Pemetaan Risiko Penyebaran Covid-19 karena pelanggaran protokol kesehatan 5M di Kota Bandung berhasil memetakan 27 kecamatan dari total 30 kecamatan di Kota Bandung (90%). Peta risiko penyebaran dan informasi tingkat penyebaran nya merupakan pemodelan dari sampel yang diambil secara acak dengan menggunakan MAPID form di Kota Bandung.
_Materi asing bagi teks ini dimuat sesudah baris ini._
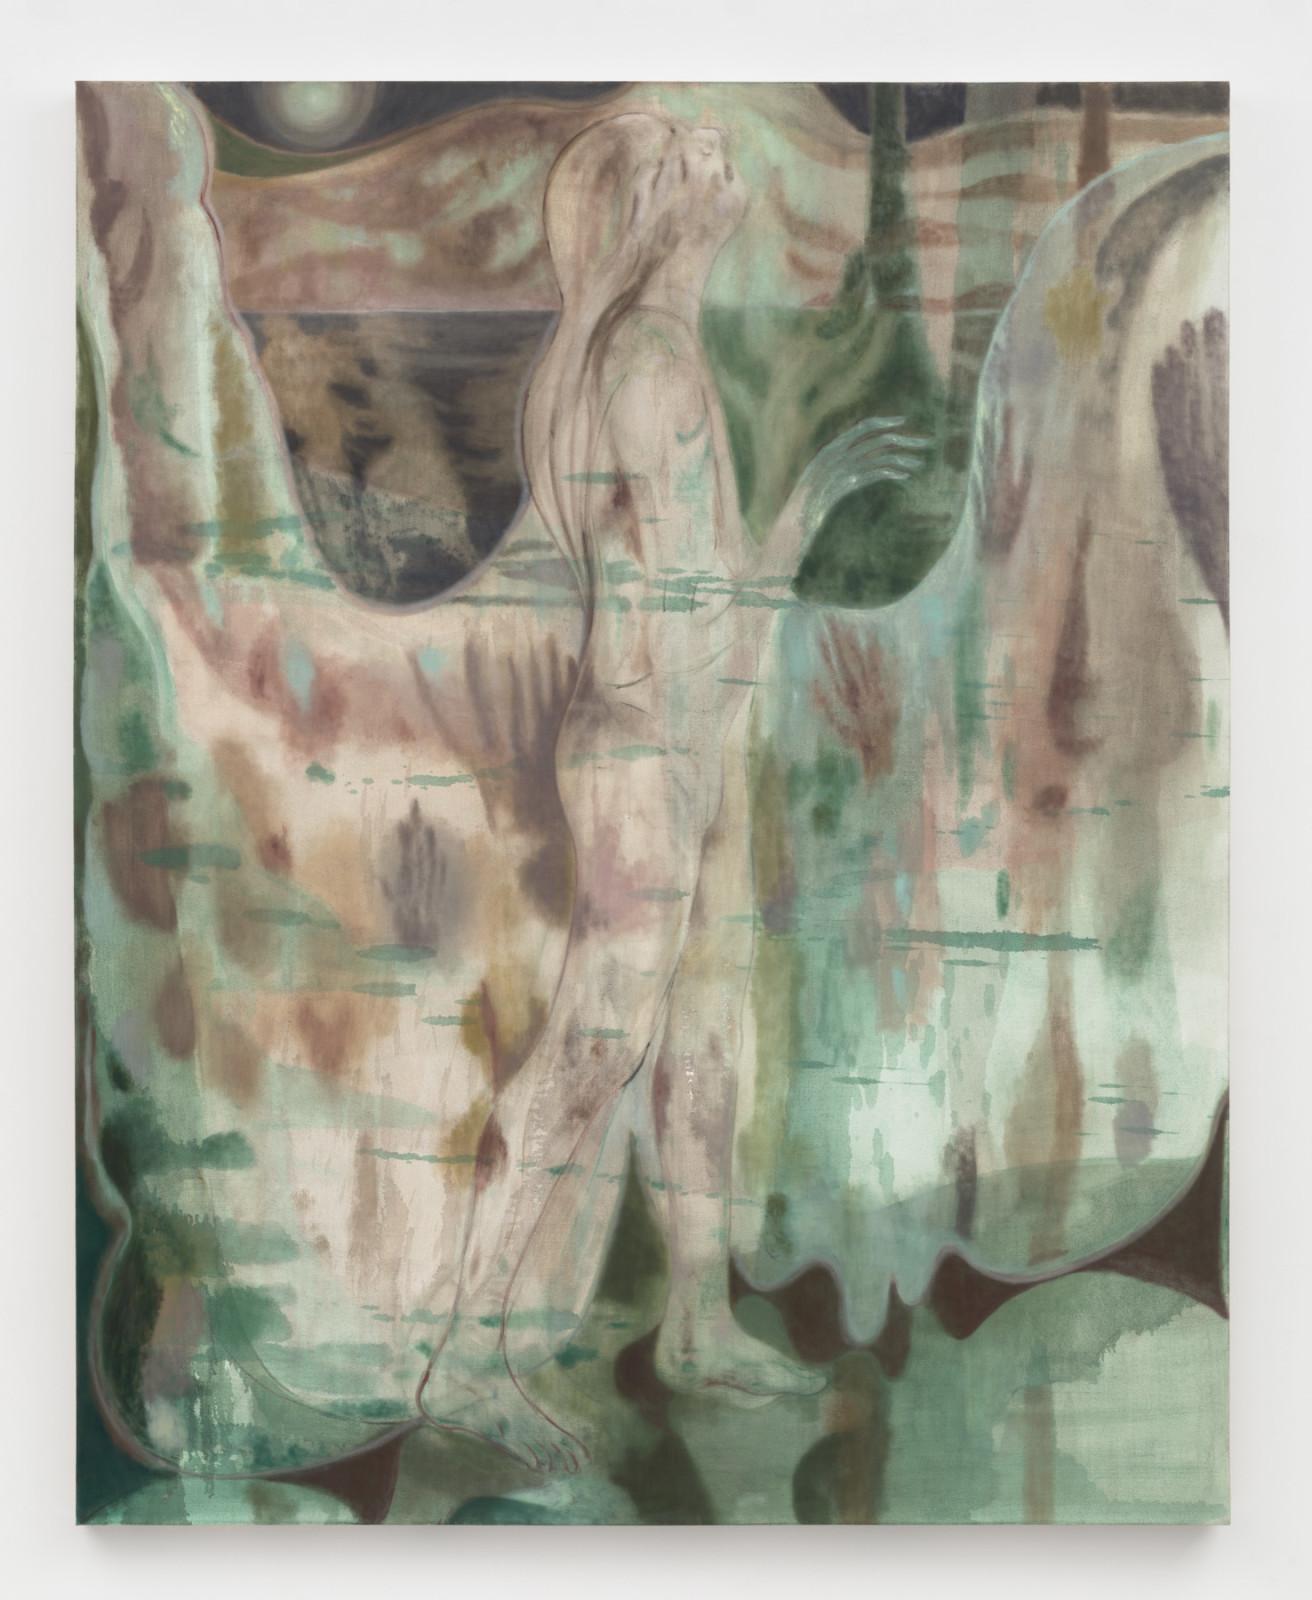 "<div class=""artist""><strong>Maja Ruznic</strong></div> <div class=""title""><em>The Call</em>, 2019</div> <div class=""medium"">Oil on canvas</div> <div class=""dimensions"">205.7 x 165.1 cm<br /> 81 x 65 in</div>"

Tingkat kepercayaan yang digunakan pada peta ini juga, mengacu kepada confidence level dan margin of error sampel, yang telah ditulis pada bab Metode Pengumpulan Data. (Confidence level 90% dan margin of error <10%). Sehingga masih terdapat kesalahan dari data dan peta risiko penyebaran Covid-19 karena pelanggaran protokol kesehatan di Kota Bandung.

  • Saran bagi penulis
  1. 1.
    Penulis diharapkan dapat menyebarkan form lebih luas dan lebih banyak responden/ sampel yang mengisi. Karena penentuan risiko, bergantung pada jumlah sampel yang mengisi.
  • Saran bagi pembaca
  1. 1.
    Pembaca dapat memberikan masukan dan revisi apabila data yang digunakan terdapat kesalahan
  1. 2.
    Pembaca dapat mengerti bahwa peta risiko tidak terlepas dari faktor yang dapat menyebabkan kesalahan dalam pemetaan risiko.
  1. 3.
    Pembaca diharapkan dapat menggunakan peta risiko ini sebagai acuan dalam berpergian dan berkegiatan di masa pandemi.